As I left the truck the doctor assured me I’d made the right decision, the ‘humane’ choice. I stood at the curb until the truck pulled away, held my arms clasps on top of my head to hold in my brain, hold my emotions in. My quiet street was deserted again and I looked around for the dog to come inside with me when it hit me Killer Dog Face was gone. My arms came down and with it any facade of composer. I sank to the sidewalk sobbing with the acute pain of loss.

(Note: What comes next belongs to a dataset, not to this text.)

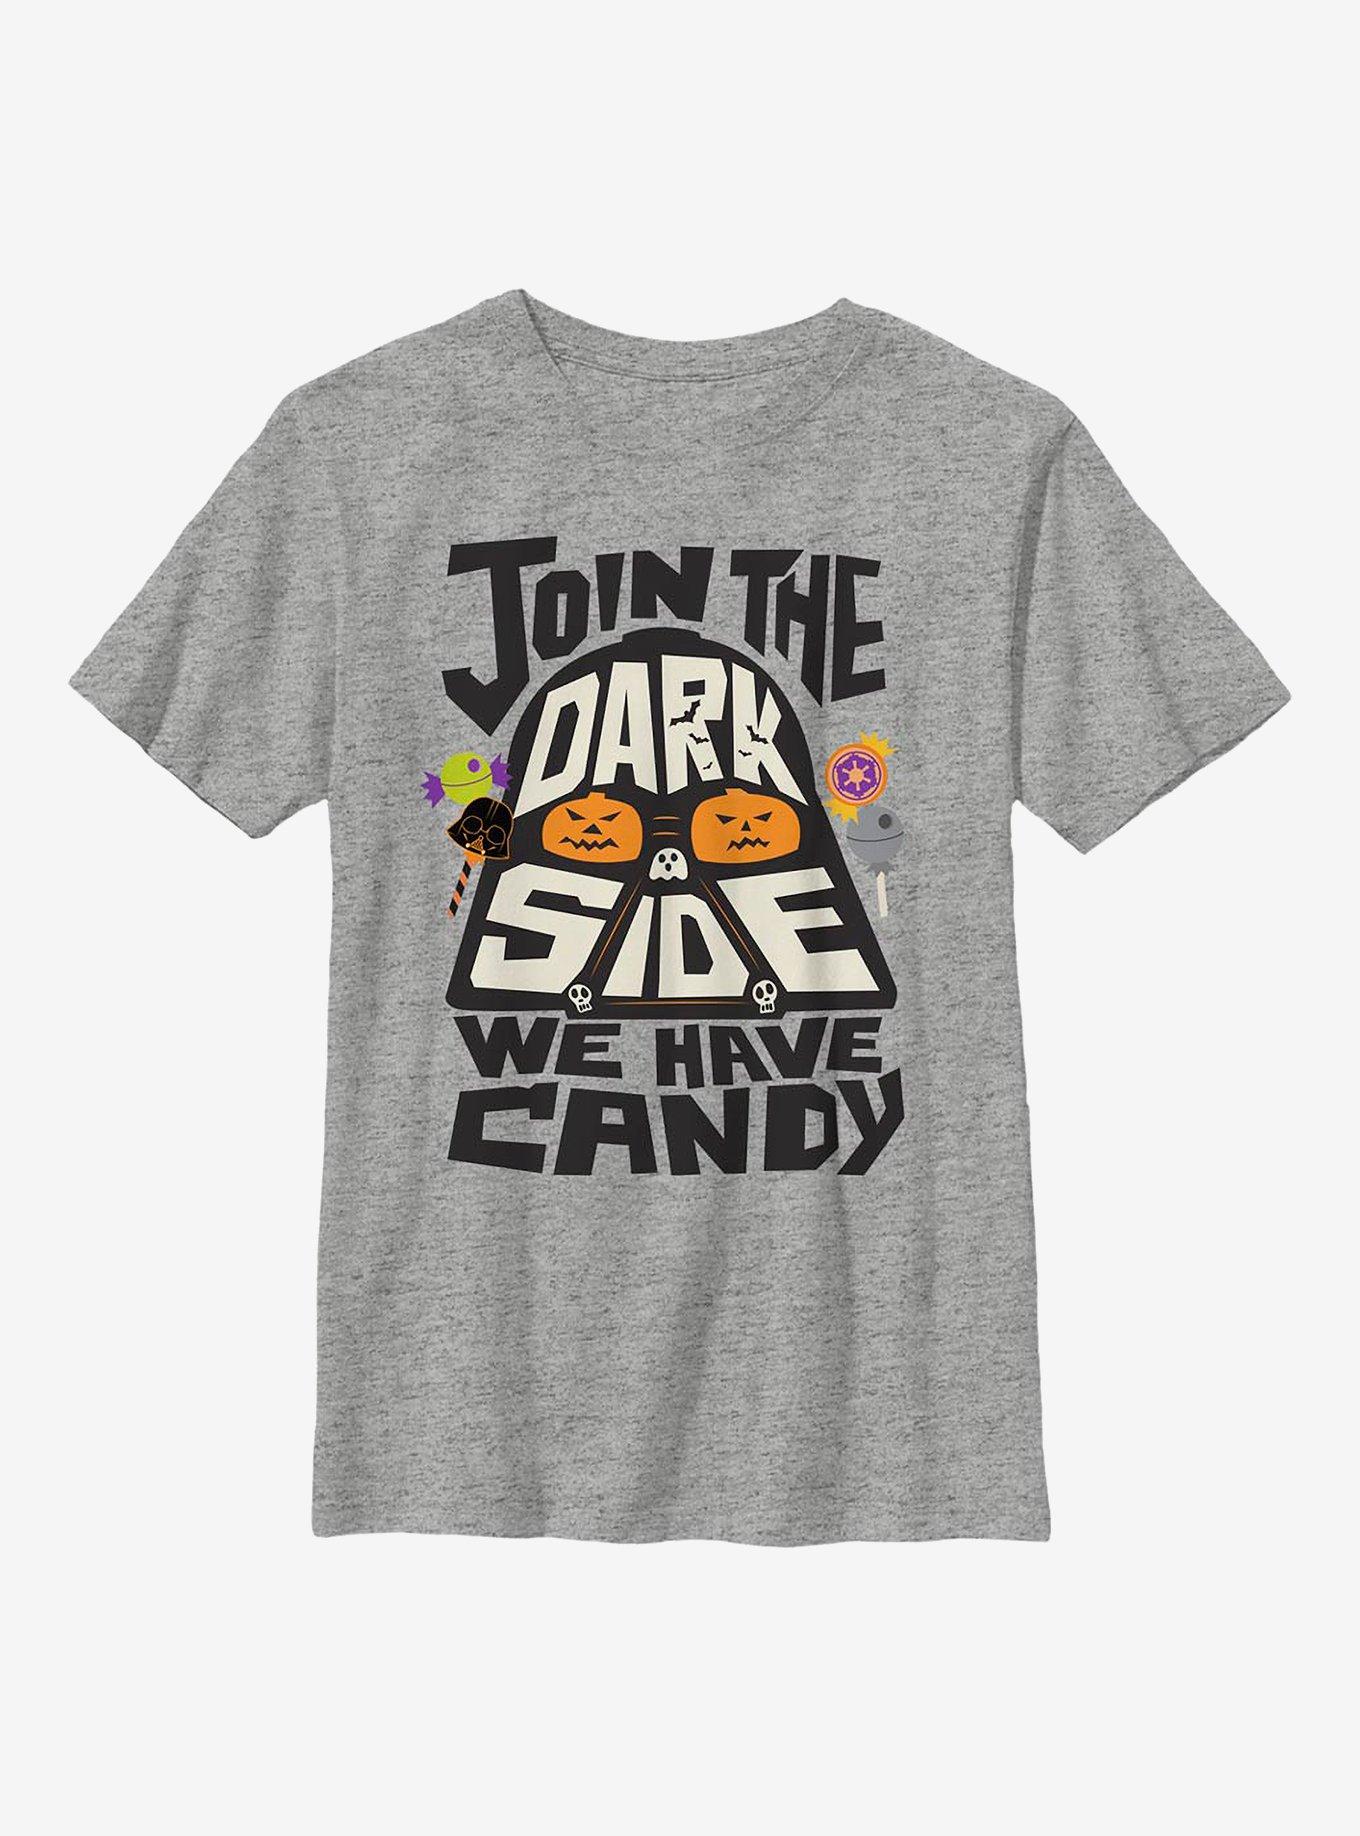 Star Wars Candy Vader Youth T-Shirt, , hi-res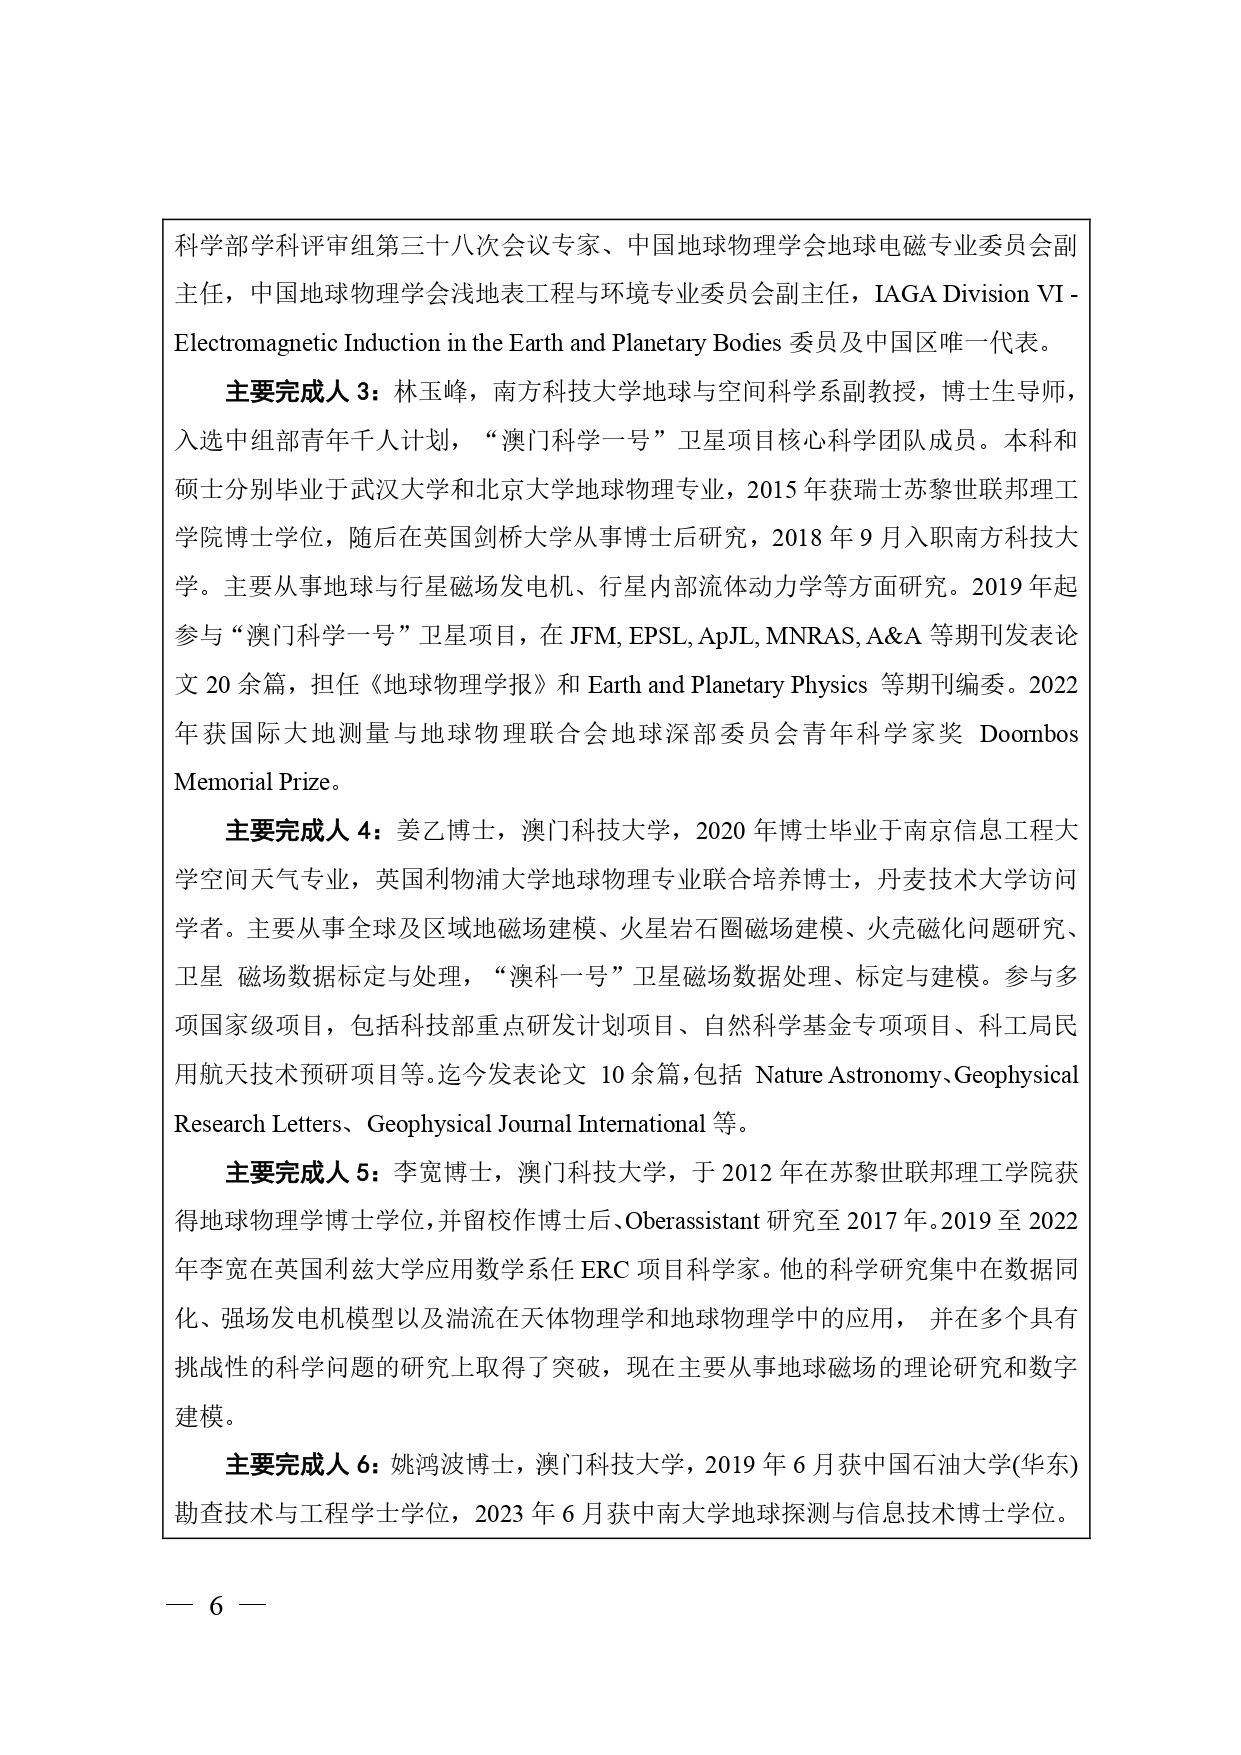 中国高等学校十大科技进展申报表 张可可终版3 page 0006

Everyone told me I did the right thing, the “compassionate” thing. But I wonder. A part of me feels like I did the convenient thing, robbing Face of her moments.

3 comments:

Kathi Browne said...

Your touching story made me tear up. I hope I never have to face that decision, but from my perspective looking at you, it was the right one. I think I would have wanted to be there when the lethal dose was administered, though. Even not knowing Killer, I feel a lack of closer (isn't that funny?).

Crystal said...

J,
I hope that in 10 years I can write something that beautiful in memory of my dog, Squishy (named from the movie, Finding Nemo). We've been hand-n-paw for the past four years galavanting the countryside on our own adventures. I got her from a cement jail cell out in mid-Washington State and now we share a place in Pittsburgh. I thank you for that affirmation that I know she is more than my friend - she's family through and through. My heart goes out to you and your love.

Cat Wagman said...

There is something about the honest connection between writers and the animals in their lives, and you and Face are another example of these exquisite relationships.

Mousse, our third cat, was about 5 years when my husband, Jan, and I had rescued him from Animal Control. He was my constant companion when I was freelance writing full-time back in the 1990's, and was the model of the cat character in my book, "Why ... THANK YOU!--How To Have FUN Writing Fantastic Notes and More."

A week after it was published 01/16/97, I had to take him to the vet for the last time ... his throat cancer had returned, and he let us know he was ready to go ... then for a few months there after, I finally had to ask Jan, if he had "seen" Mousse around the house, like a glimpse of his big grey fluffy tail going around the corner? He sighed with relief and said, "Oh, good, you've been seeing him, too!"

Now, seeing him on the cover of my book, which is still selling, it is a constant reminder of what a great cat he was ... and as I tell everyone, he's the second cat character in the book, because I'm the first, though at times it is his picture that attracts people to my booth at various events.